LLMs & Agents, Multimodal Reasoning, Code Intelligence, and Future Directions

Updated: 2026-05-11

Overview

My research centers on building large language models (LLMs) and agents that can reason, retrieve, and act reliably in complex, knowledge-intensive environments. Beginning with federated learning — where I investigated how to embed group-level fairness constraints into the gradient descent process [1] — I gradually broadened my scope from low-level model training dynamics to high-level cognitive capabilities: how models understand visual structures, manipulate code, plan with tools, and adapt through interaction. This journey reflects a core conviction: that the path toward genuinely intelligent systems requires us to address challenges across the entire stack, from training methodology to emergent multi-agent behavior.

Multimodal Reasoning

A fundamental limitation of current generative models is their struggle with compositional structural constraints — generative numeracy, attribute binding, and part-level relations.
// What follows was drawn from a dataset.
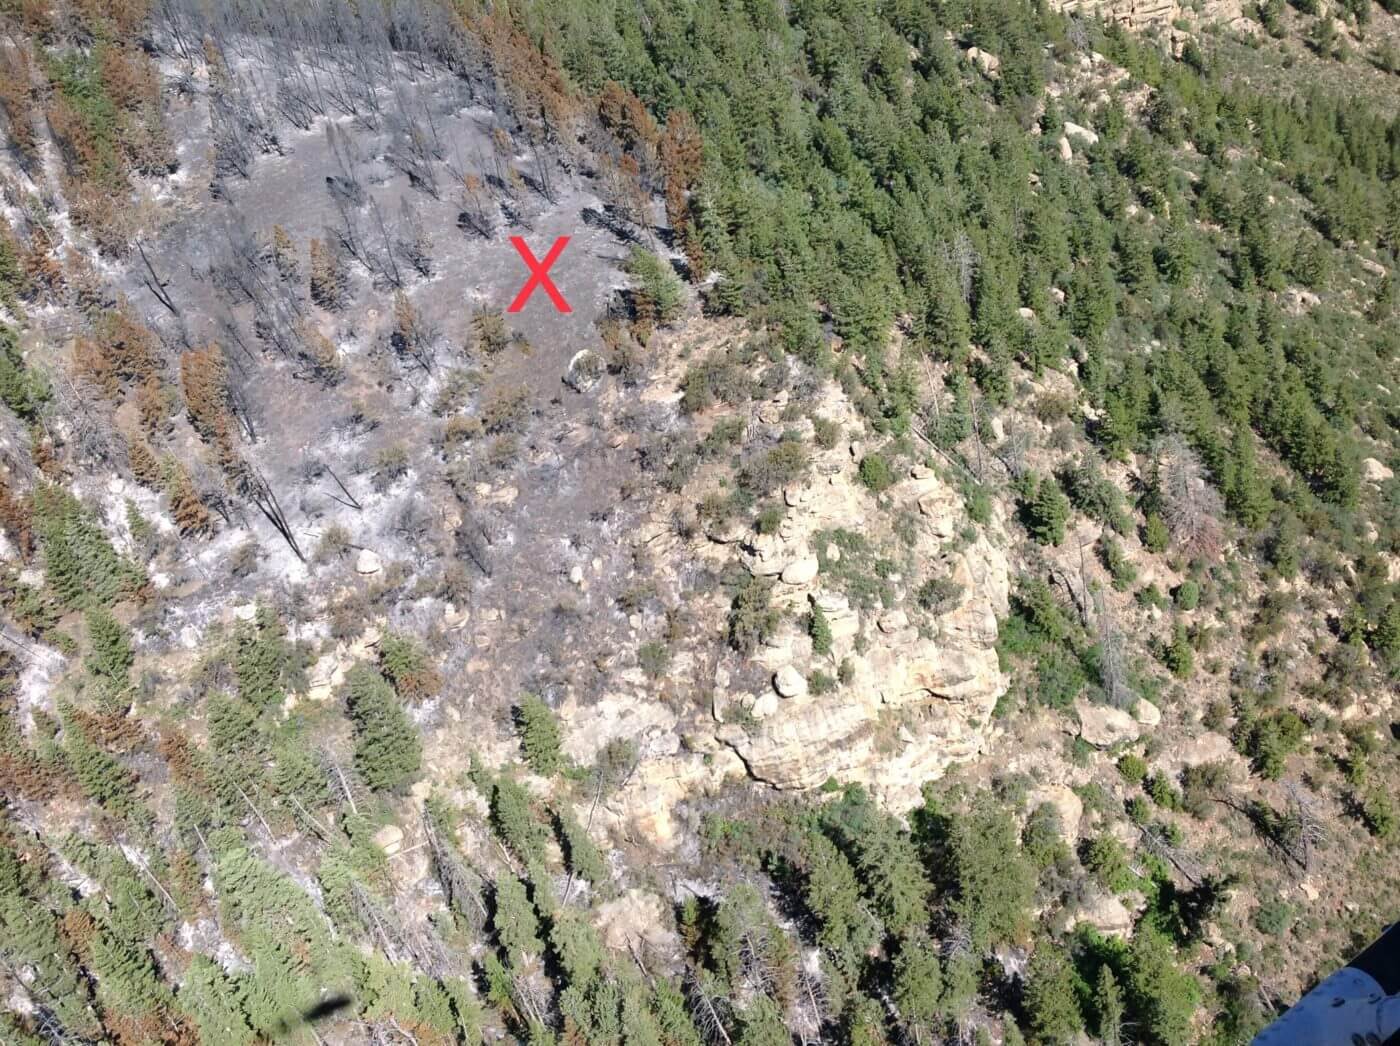 The rugged mountainous terrain from which the firefighter was evacuated

In Shape-of-Thought (SoT) [2], I introduced a visual Chain-of-Thought framework that enables progressive object assembly via interleaved textual plans and rendered intermediate states. Rather than producing explicit geometric representations, the model learns shape-assembly logic through coherent 2D projections without relying on external rendering engines at inference time. I constructed the SoT-26K dataset by converting part-based CAD assets into step-aligned multimodal traces via automated hierarchy decomposition and Blender rendering, and T2S-CompBench to evaluate both structural integrity and trace faithfulness. Fine-tuning a multimodal autoregressive model on these traces yielded an 88.4% component numeracy and 84.8% structural topology — approximately 20% above text-only baselines.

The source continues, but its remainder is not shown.